Retinal detachment means the retina has separated from the wall of the eye. This can lead to severe vision loss or blindness.

Surgery can reattach your retina. The sooner it's done, the better chance you'll be able to see well again.

Retinal detachment

Retinal detachment means that the retina—a thin layer of nerve tissue at the back of your eye—has detached, or pulled away. This can lead to vision loss and blindness.

A retina can detach as a result of aging, an eye injury, inflammation, or some diseases such as diabetes. But many times there is no obvious cause.

Retinal detachment requires care right away. Surgery is the only way to reattach the retina.

What are the symptoms of retinal detachment?

Many people see floaters and flashes of light before they have symptoms of retinal detachment. Floaters and flashes don't always mean that you will have a retinal detachment. But they may be a warning sign, so it's best to be checked by a doctor right away.

How is retinal detachment treated?

Surgery is the only way to reattach the retina. There are many ways to do the surgery. They include using lasers, air bubbles, or a freezing probe to seal a tear in the retina and reattach the retina. This condition needs treatment right away. Without treatment, vision loss can become severe.

How is retinal detachment diagnosed?

To diagnose retinal detachment, your doctor will ask you questions about your symptoms. You will be asked about your past eye problems and risk factors. The doctor will also test your near and distance vision (visual acuity) and side (peripheral) vision. These routine vision tests don't find retinal detachment itself. But they can find problems that could lead to or result from retinal detachment.
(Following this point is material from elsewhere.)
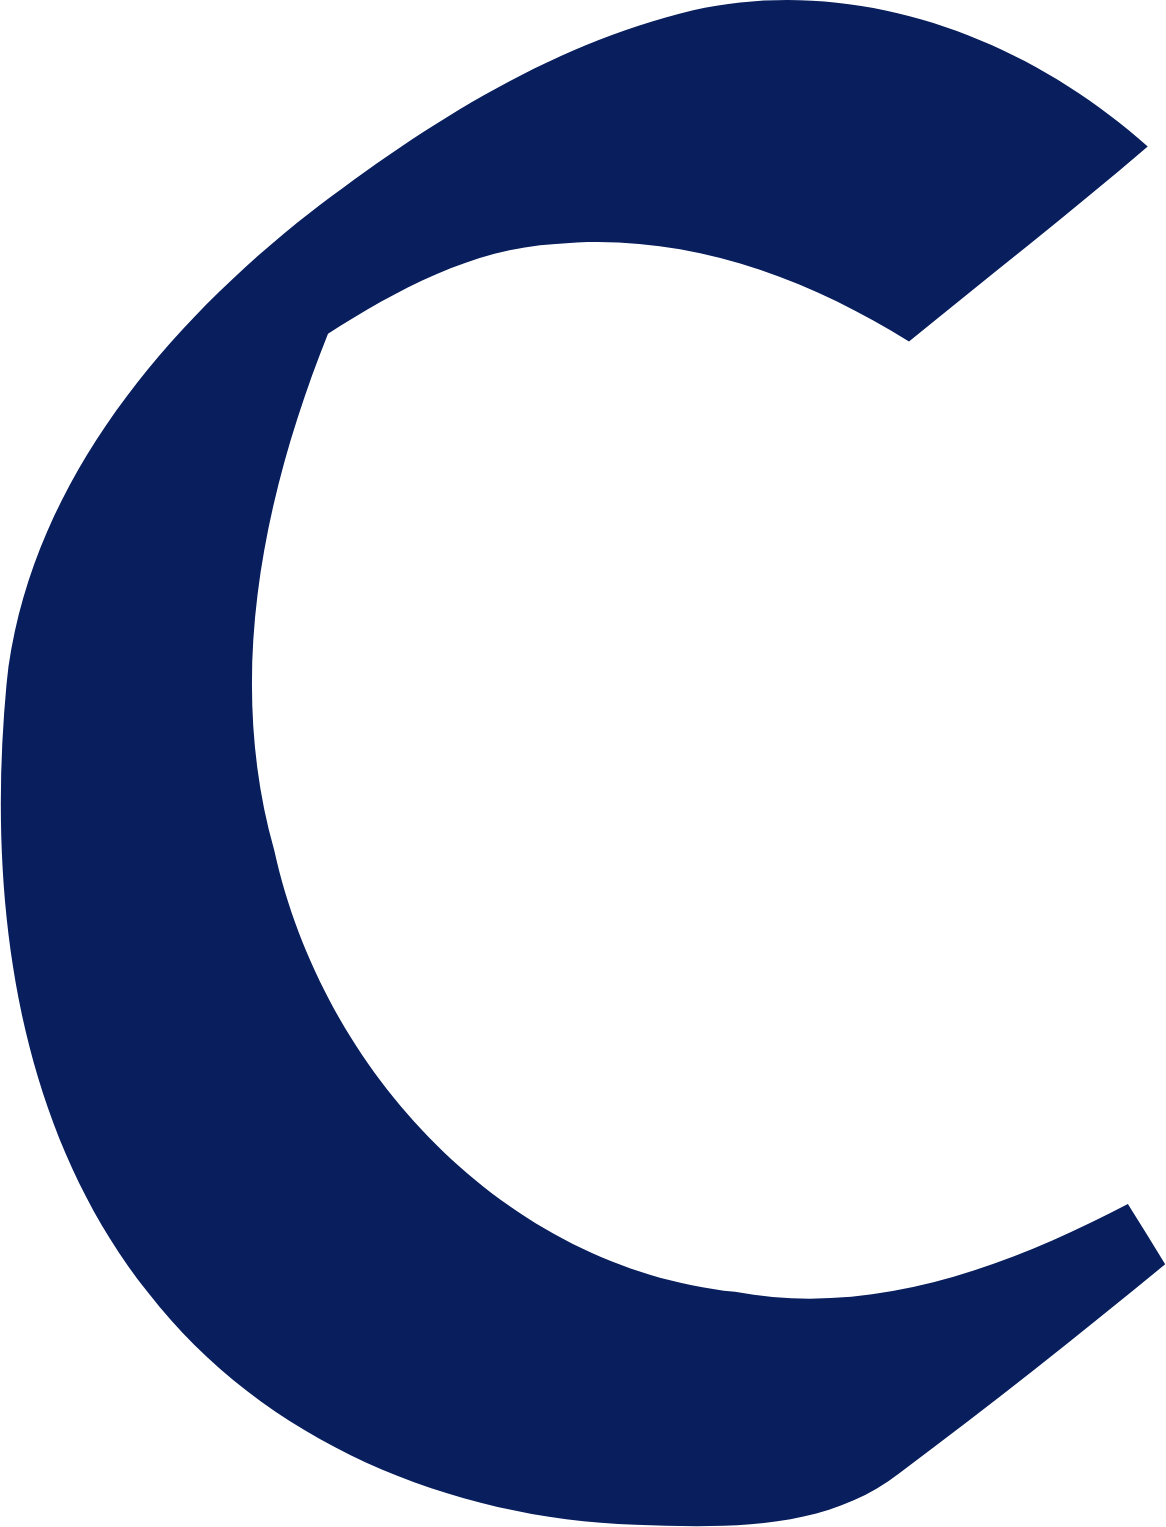 Central Securities logo (PNG transparent)

A doctor can usually see a retinal tear or detachment while checking the retina using ophthalmoscopy. This test allows the doctor to see inside the back of the eye using a magnifying tool with a light.

If a retinal tear or detachment involves blood vessels in the retina, you may have bleeding in the middle of the eye. In these cases, your doctor can view the retina using ultrasound or optical coherence tomography. These are tests that use sound or light waves to see the retina.

How can you care for yourself when you have retinal detachment?

Follow any instructions from your doctor. You may need to rest and sleep with your head in a certain position. You may also need to wear an eye patch or use eyedrops. Ask your doctor if it's okay to travel by plane.

How is surgery used to treat retinal detachment?

Surgery is the only treatment for retinal detachment. Without treatment, vision loss can progress from minor to severe or even to blindness. This can happen within a few hours or days.

How soon you need surgery usually depends on whether the retinal detachment has or could spread far enough to affect central vision. The macula is the part of the retina that provides central vision. If it loses contact with the layer beneath it, it quickly loses its ability to process what the eye sees.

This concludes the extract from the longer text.